This E-Ink Handheld Runs a Game Boy Emulator at 60 Hz on ESP32-S3
A maker coaxed an e-ink panel into 60 Hz gaming, running a Game Boy emulator on a touch-driven ESP32-S3 board by exploiting its parallel refresh interface.
An impossible refresh rate, made possible
Every so often a project lands on my bench that makes me grin, because it does the one thing everyone swore couldn't be done. This is one of them: designer Wenting Zhang has built a working Game Boy emulator that runs a beloved retro handheld's library at a full 60 Hz on an e-ink screen. Yes, e-ink, the display technology we all associate with sleepy page turns on an e-reader. Running here on an ESP32-S3 board, it plays smoothly, with touch controls and 3x scaling. If you know how e-paper works, your first reaction is disbelief. Mine was too, until I looked at how it was pulled off.
Why e-ink was supposed to be too slow
Electronic paper draws its images by physically shuffling tiny pigment particles around inside microcapsules using an electric field. That's what gives e-ink its gorgeous, glare-free, paper-like look and its near-zero idle power draw. But moving physical particles takes time.

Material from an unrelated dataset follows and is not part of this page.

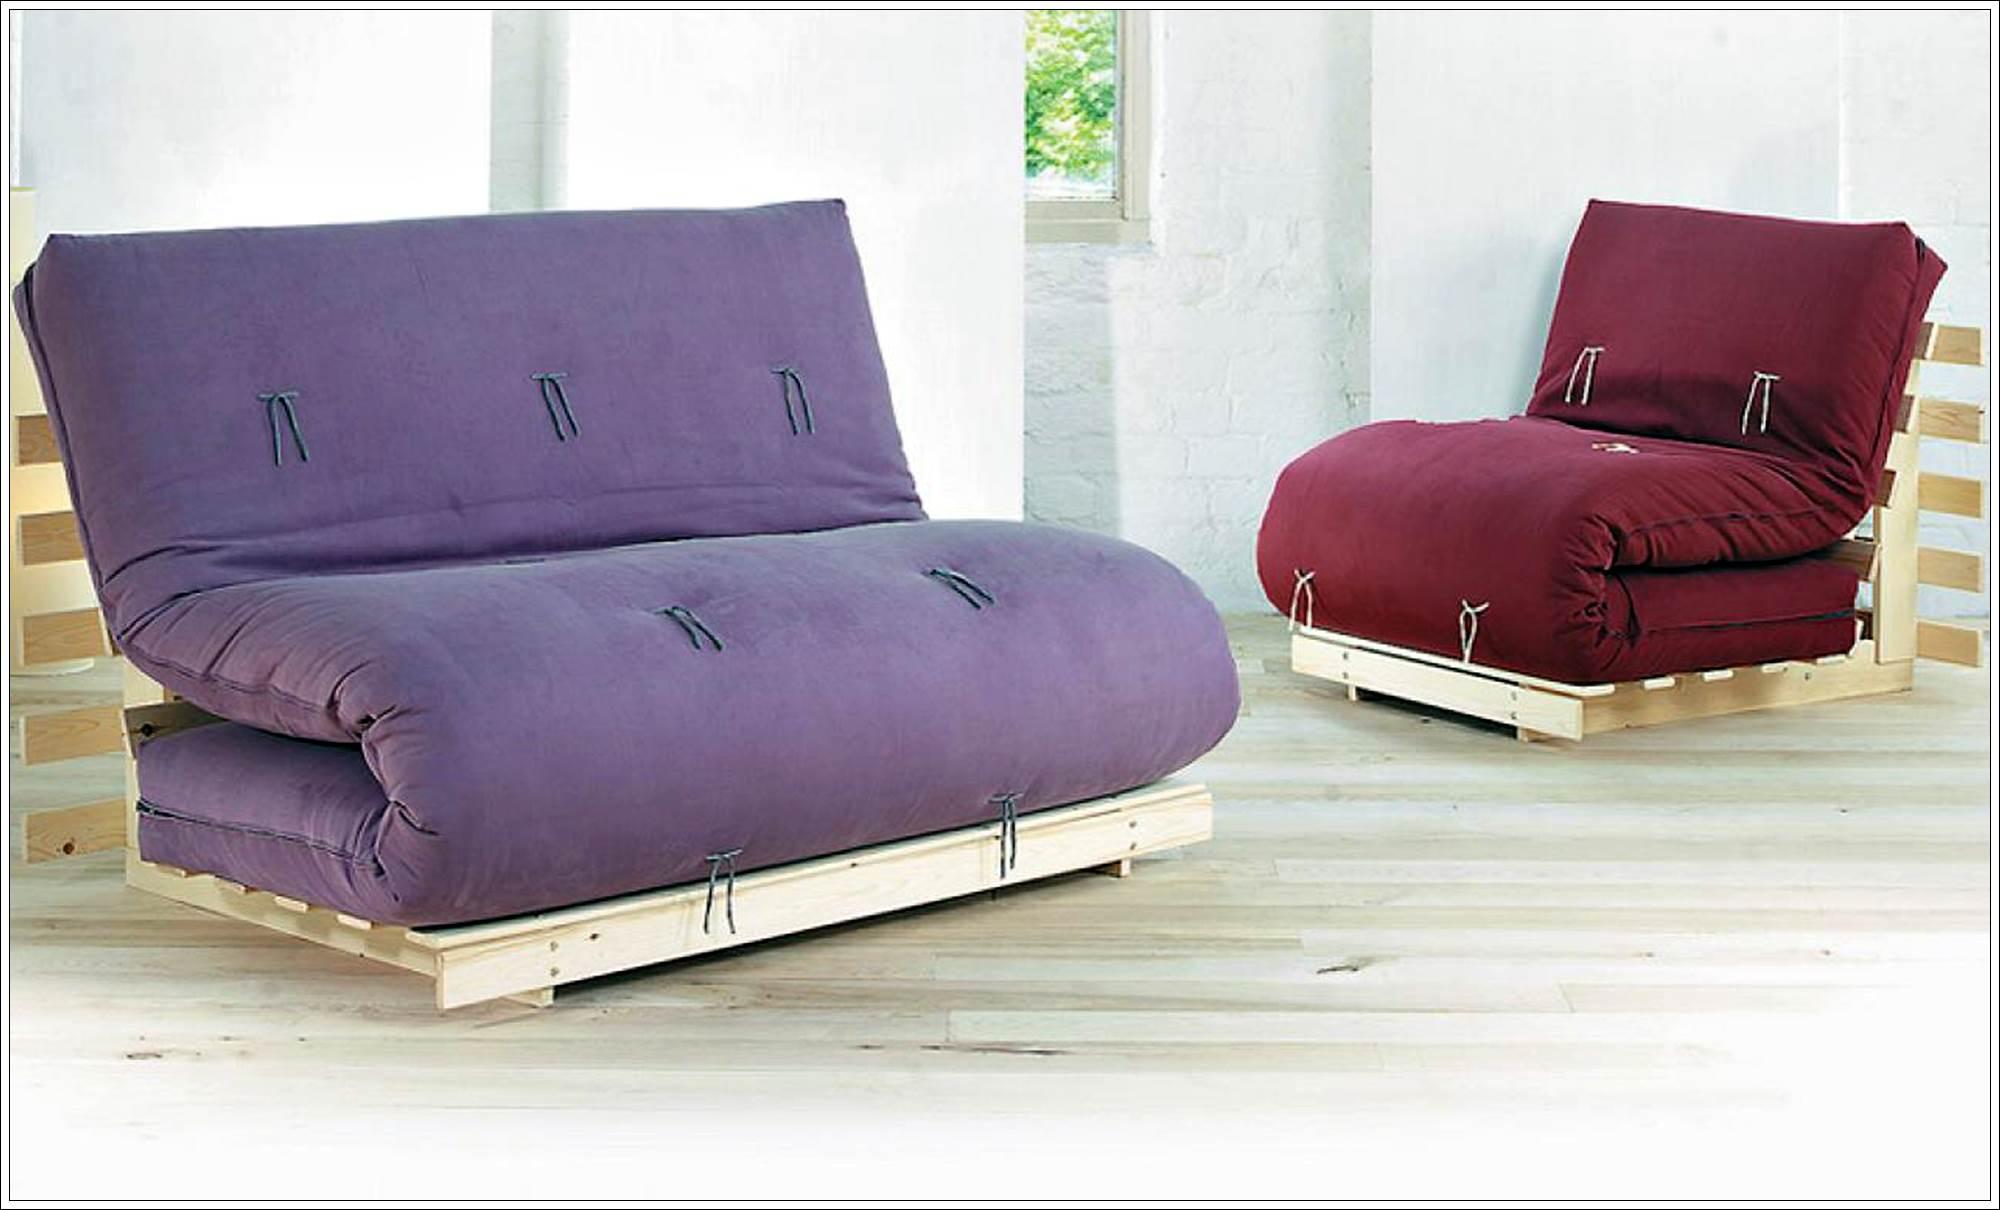 Canapé Lit Bz Ikea Frais Galerie Matelas Bz 160x200 Latest Matelas Matelas Bz Latex Strech Trs

A typical full refresh can take hundreds of milliseconds, and you often see that characteristic black-to-white flash while the panel resettles. For reading a book, that's fine. For a game demanding sixty frames every second, it sounds like a non-starter. The particles simply shouldn't be able to keep up.
The clever part: the parallel interface
Here's the hack, and it's a genuinely elegant one. The board in question is the M5Stack PaperS3, which pairs an ESP32-S3 microcontroller with an e-paper panel. The critical detail is how that panel is wired. Most hobbyist e-ink displays are driven over a serial interface, typically SPI, which feeds pixel data one bit-stream at a time. That serial bottleneck is a big part of why those panels feel slow to update.
The PaperS3's panel, by contrast, exposes a parallel interface. Instead of trickling data through a single narrow channel, the controller can push many bits at once, dramatically raising the bandwidth to the display. Zhang leaned into that headroom to perform fast partial refreshes, updating just the regions of the screen that change rather than flashing the whole panel each frame. Combine high-bandwidth parallel writes with tight partial-update logic, and suddenly the panel can be nudged along fast enough to sustain 60 Hz. The physics of the particles didn't change; the plumbing feeding them did.
Squeezing a console into a microcontroller
Getting the display to cooperate is only half the win. The ESP32-S3 also has to run the emulation itself, decoding the handheld's CPU instructions, mixing the display output, and applying that 3x scaling so the small original resolution fills the panel. Layering responsive touch controls on top means the whole loop has to stay tight and predictable. It's a lovely demonstration of how much you can wring out of an inexpensive, widely available microcontroller when you understand exactly where the bottlenecks live and refuse to accept them.
Why this delights me
What I love about this build is that it's pure constructive curiosity. Nobody needed an e-ink Game Boy. It exists because someone looked at a display everyone had written off for motion, spotted an underused parallel bus, and asked "what if?" That's the maker spirit at its best: reading a datasheet closely enough to find the loophole, then building something joyful through it. It also quietly expands what we think e-paper can do, and I suspect other tinkerers will borrow the parallel-refresh trick for their own fast-updating projects.
If you've got a PaperS3 gathering dust, you now have an excellent excuse to fire it up.